Caros leitores, vivemos em momentos em que a busca pela realização no trabalho se tornou uma espécie de mantra. O famoso “trabalhe com o que ama e nunca terá que trabalhar um dia sequer” ecoa frequentemente nas redes sociais, palestras motivacionais e conselhos de amigos. A ideia parece irresistível. Encontrar o trabalho que nos completa, que reflete nossos valores e paixões, e com isso, não só realizar-se, mas alcançar o tão desejado sucesso. A pressão para transformar a paixão em profissão, desconsidera a realidade complexa de cada indivíduo. Em vez de libertar, acaba sendo uma armadilha. Imagine Laura, uma jovem apaixonada por música desde a infância. Sua vida foi sempre marcada por melodias, ensaios e apresentações. Aos 25 anos ela decide transformar esse amor em carreira. Inicialmente, Laura sente-se realizada. Fazer o que ama, cercada de pessoas que compartilham de sua paixão. Parece o sonho perfeito. Mas, conforme o tempo passa, ela percebe que transformar sua arte em profissão trouxe também um peso gigantesco. A pressão para ser bem-sucedida financeiramente, combinada ao desgaste emocional de viver de um sonho, a faz questionar suas escolhas. Ela se vê esgotada e com medo de perder o amor pela música. Algo que sempre foi seu refúgio. Laura, que antes encontrava felicidade nas notas, agora encontra também cobrança e ansiedade.
O caso de Laura ilustra uma realidade que muitas pessoas enfrentam ao tentar viver daquilo que amam. Trabalhar com o que amamos pode de fato trazer realização, mas isso nem sempre é sinônimo de satisfação contínua. Como bem disse o escritor japonês Haruki Murakami, “o que mais queremos é que, aquilo que amamos continue a ser uma fonte de alegria, não de angústia.” Quando um hobby ou uma paixão vira obrigação e fonte de renda, ela passa a exigir resultados, metas e retorno financeiro, que nem sempre andam de mãos dadas com o prazer inicial que aquela atividade proporcionava. O que era amor, tornou-se uma cobrança, e isso pode ser emocionalmente exaustivo. Há, ainda, um aspecto cultural a considerar. Estamos imersos em uma sociedade que glorifica o sucesso e o desempenho. Não basta fazer o que se ama; é preciso ser excelente, reconhecido e bem-sucedido. A pressão pelo sucesso, frequentemente associado ao dinheiro e ao reconhecimento, muitas vezes desvia o foco do que realmente importa para o indivíduo. Quem nunca ouviu o conselho de que “fazer o que ama” também deve “pagar as contas” e permitir uma vida confortável? É como se o valor do trabalho fosse medido, não pelo prazer de realizá-lo, mas por sua rentabilidade e status.
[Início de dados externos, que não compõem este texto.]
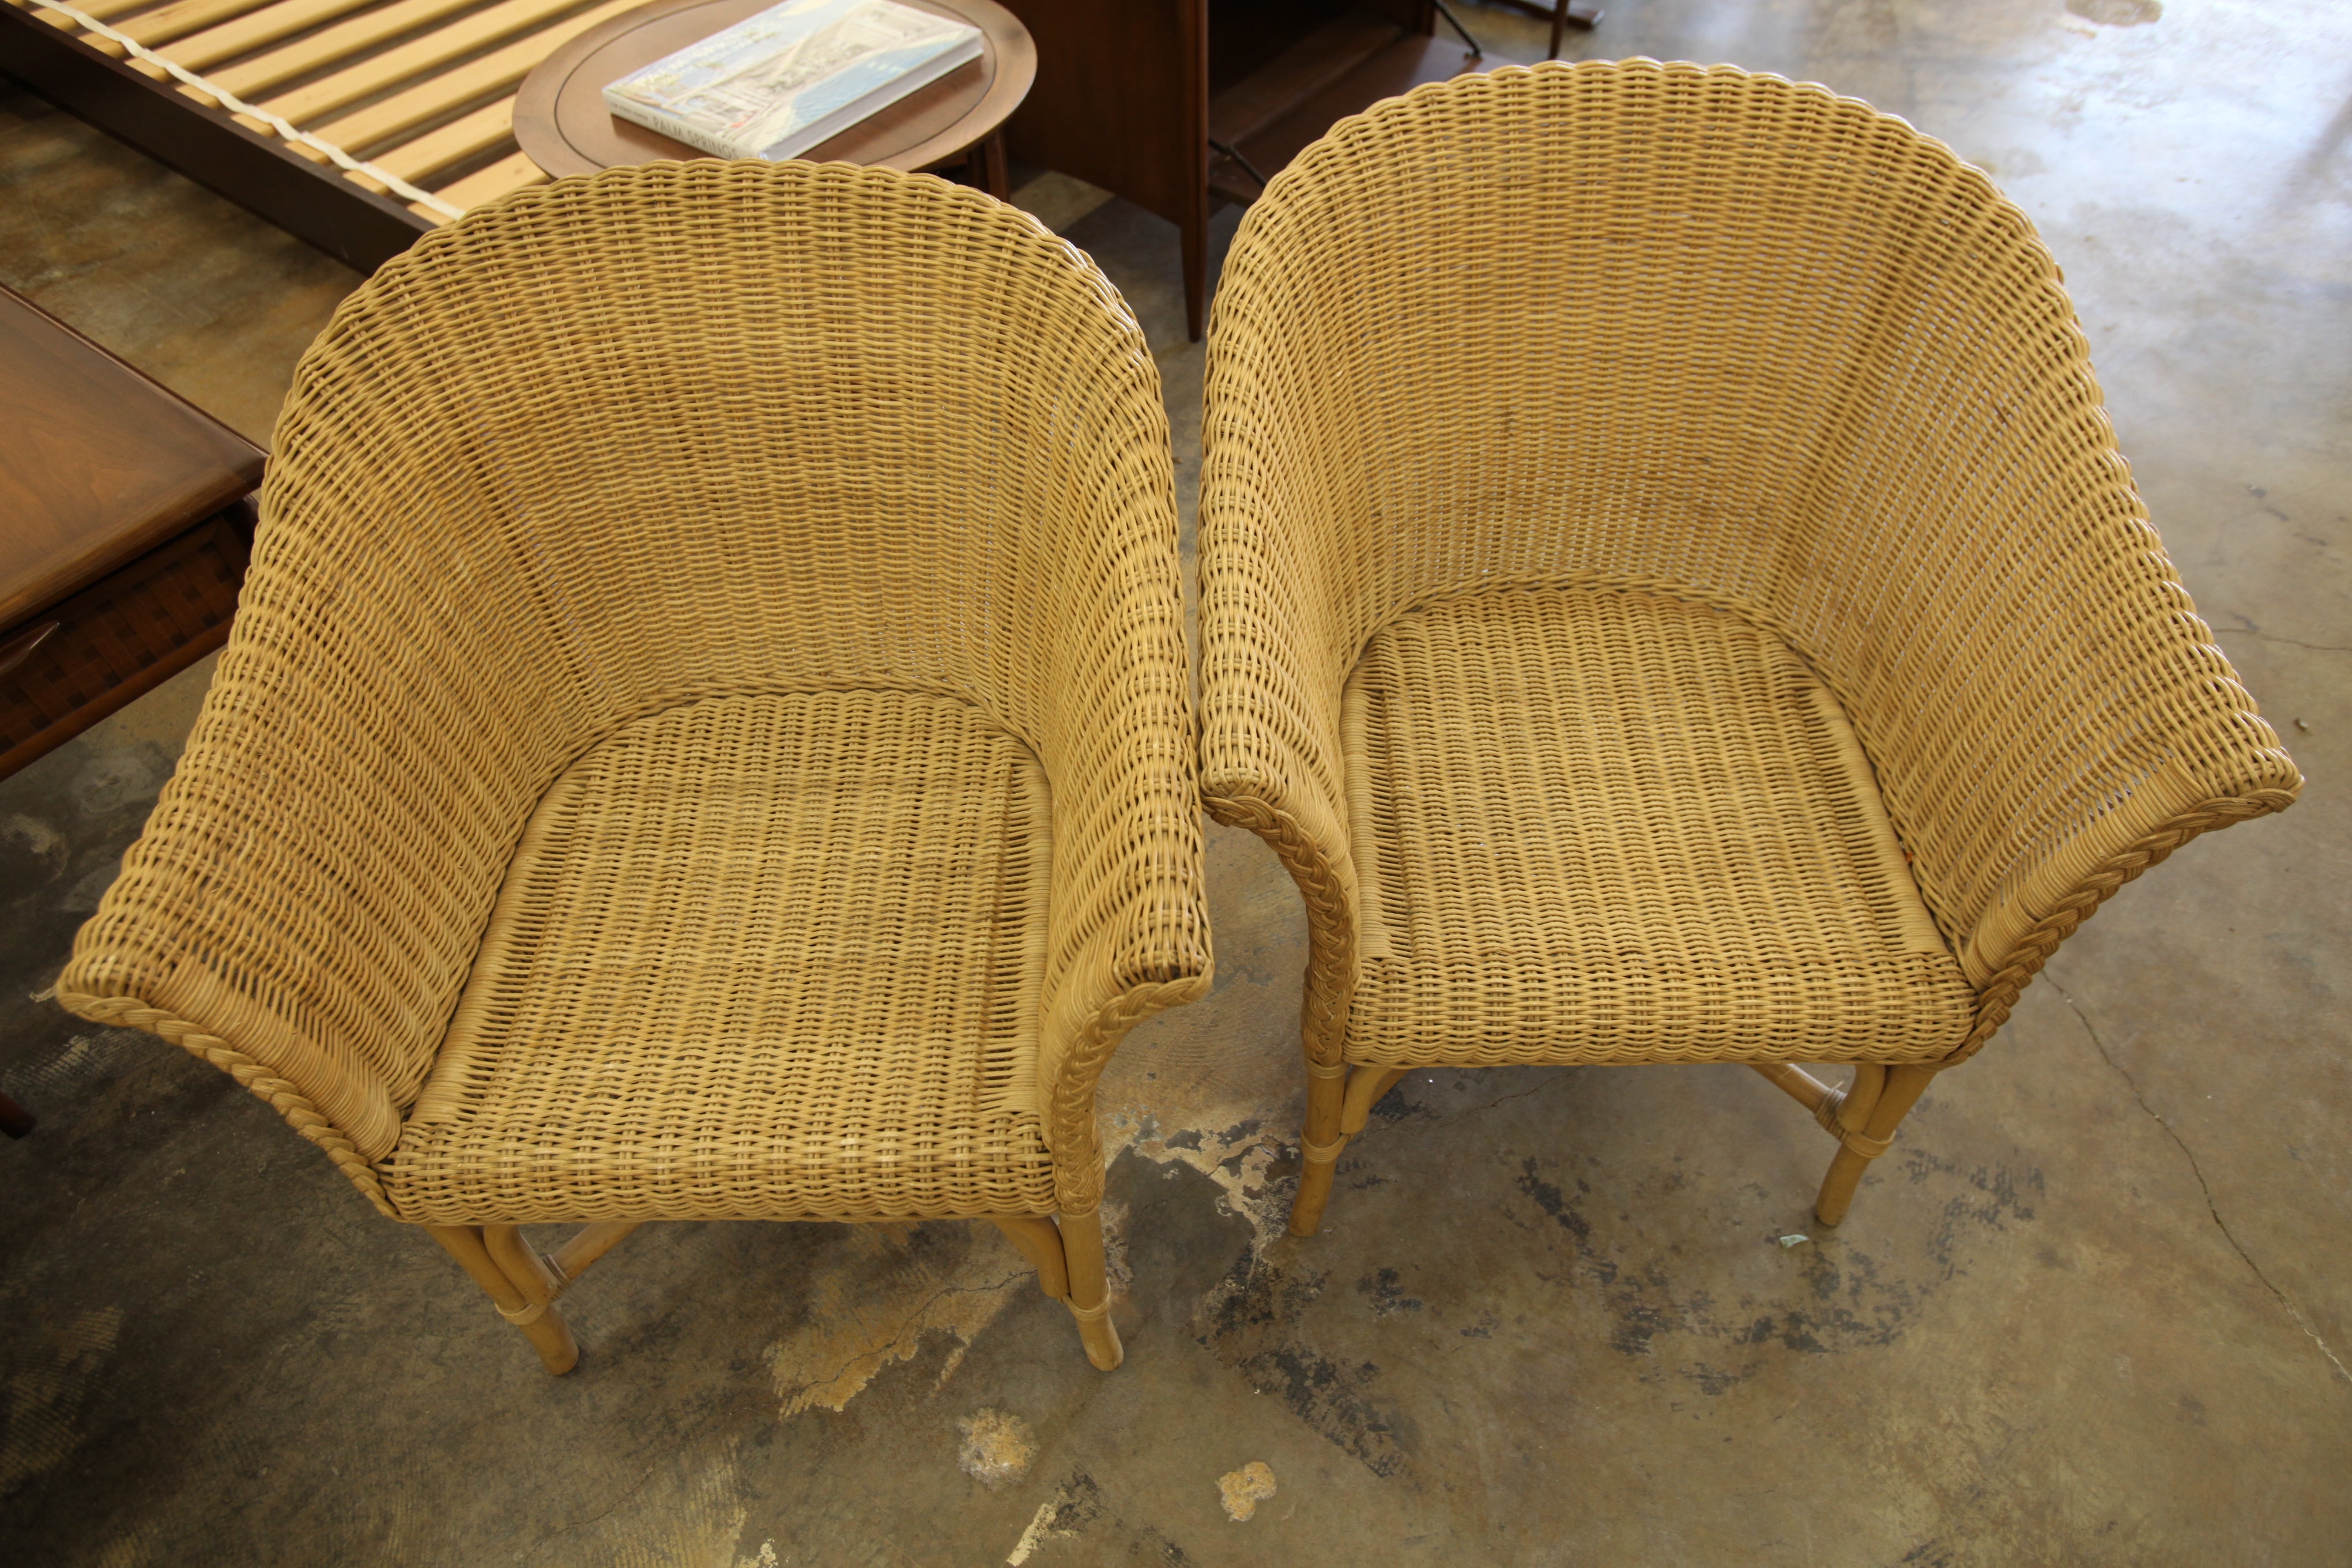 Set of 2 Vintage Wicker Chairs (26"W x 30"H x 16"H seat)

Isso gera uma profunda angústia, especialmente quando as expectativas não são atingidas. Afinal, nem todos os que trabalham com o que amam alcançam sucesso ou estabilidade financeira. A sensação de fracasso, nesse contexto, é ainda mais devastadora, pois toca no que há de mais pessoal e íntimo. Em vez de reconhecer a importância de uma vida equilibrada, muitas vezes nos cobramos incansavelmente por não transformar a paixão em um “projeto de vida” bem-sucedido. Mas será que o conceito de trabalhar com o que ama é realmente acessível a todos? E mais, será que ele é mesmo necessário para a realização pessoal? Eu mesmo, sou jornalista por formação acadêmica. Não trabalho com o jornalismo. É minha paixão. Escrevo porque amo. E isso já me basta. A verdade é que muitas pessoas encontram prazer e sentido em suas vidas através de atividades fora do ambiente profissional. Um jardineiro pode encontrar paz em seu jardim, uma professora, no ato de ensinar. Nem sempre essas atividades representam a maior paixão da pessoa, mas isso não diminui seu valor ou seu significado.
Há algo de libertador em saber que nem tudo precisa ser transformado em carreira, que a paixão também pode existir no tempo livre, sem exigências de lucro ou sucesso. A arte pode ser apenas arte, a música, apenas música. No final, talvez seja necessário reavaliar o que significa “sucesso”. Para alguns, pode ser a conquista de altos cargos e a realização de seus sonhos. Para outros, o sucesso pode estar em ter uma vida equilibrada, com tempo para família, amigos e sim, para as paixões que nem sempre viram profissão. E então, fica a reflexão: até que ponto transformar o que amamos em carreira nos realiza ou nos aprisiona?